§ PROMPT
Which of the lines below hold "Stretch"? Please return each one.

§ TASK DATA
++++
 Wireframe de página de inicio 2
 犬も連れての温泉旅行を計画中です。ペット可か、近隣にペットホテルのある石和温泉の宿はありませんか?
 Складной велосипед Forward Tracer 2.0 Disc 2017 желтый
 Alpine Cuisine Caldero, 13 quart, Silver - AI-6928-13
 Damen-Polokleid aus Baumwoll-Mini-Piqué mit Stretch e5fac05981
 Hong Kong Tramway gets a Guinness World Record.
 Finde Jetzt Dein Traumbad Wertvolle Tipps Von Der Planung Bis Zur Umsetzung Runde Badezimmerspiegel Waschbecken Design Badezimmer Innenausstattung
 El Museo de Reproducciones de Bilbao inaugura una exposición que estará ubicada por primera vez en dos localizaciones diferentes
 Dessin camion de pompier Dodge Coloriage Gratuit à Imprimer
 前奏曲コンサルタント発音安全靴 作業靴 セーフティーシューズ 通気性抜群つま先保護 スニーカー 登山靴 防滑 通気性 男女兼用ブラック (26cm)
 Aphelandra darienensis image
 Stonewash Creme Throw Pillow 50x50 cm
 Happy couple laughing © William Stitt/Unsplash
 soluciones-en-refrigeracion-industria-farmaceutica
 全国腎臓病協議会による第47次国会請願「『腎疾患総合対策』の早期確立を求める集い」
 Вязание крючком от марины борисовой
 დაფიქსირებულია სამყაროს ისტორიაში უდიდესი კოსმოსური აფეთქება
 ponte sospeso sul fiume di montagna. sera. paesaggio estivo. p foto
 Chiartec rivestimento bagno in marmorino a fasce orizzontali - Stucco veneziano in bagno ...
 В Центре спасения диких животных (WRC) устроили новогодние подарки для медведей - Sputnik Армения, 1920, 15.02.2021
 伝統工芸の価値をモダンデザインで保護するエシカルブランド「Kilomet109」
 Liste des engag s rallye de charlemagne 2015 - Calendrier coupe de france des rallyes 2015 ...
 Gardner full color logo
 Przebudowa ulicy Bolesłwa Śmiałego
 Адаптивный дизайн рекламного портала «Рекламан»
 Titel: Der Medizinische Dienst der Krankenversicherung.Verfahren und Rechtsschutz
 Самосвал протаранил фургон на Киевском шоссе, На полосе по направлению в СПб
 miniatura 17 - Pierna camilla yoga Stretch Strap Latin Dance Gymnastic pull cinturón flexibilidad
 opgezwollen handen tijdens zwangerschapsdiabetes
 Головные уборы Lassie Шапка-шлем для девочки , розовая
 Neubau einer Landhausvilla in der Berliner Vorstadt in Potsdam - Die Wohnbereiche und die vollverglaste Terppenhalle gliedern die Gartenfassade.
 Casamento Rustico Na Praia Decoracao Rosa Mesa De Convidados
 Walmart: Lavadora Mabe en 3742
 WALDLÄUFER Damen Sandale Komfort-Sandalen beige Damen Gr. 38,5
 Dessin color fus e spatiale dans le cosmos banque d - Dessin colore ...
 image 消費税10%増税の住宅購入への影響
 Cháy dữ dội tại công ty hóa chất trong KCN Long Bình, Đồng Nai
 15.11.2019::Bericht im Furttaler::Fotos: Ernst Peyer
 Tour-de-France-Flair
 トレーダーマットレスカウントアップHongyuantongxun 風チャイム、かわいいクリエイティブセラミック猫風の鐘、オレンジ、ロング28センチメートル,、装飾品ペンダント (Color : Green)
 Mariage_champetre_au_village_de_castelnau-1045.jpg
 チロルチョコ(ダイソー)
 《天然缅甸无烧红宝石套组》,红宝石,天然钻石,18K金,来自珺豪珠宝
++++
§ SOLUTION FOR THIS PROBLEM
 Damen-Polokleid aus Baumwoll-Mini-Piqué mit Stretch e5fac05981
 miniatura 17 - Pierna camilla yoga Stretch Strap Latin Dance Gymnastic pull cinturón flexibilidad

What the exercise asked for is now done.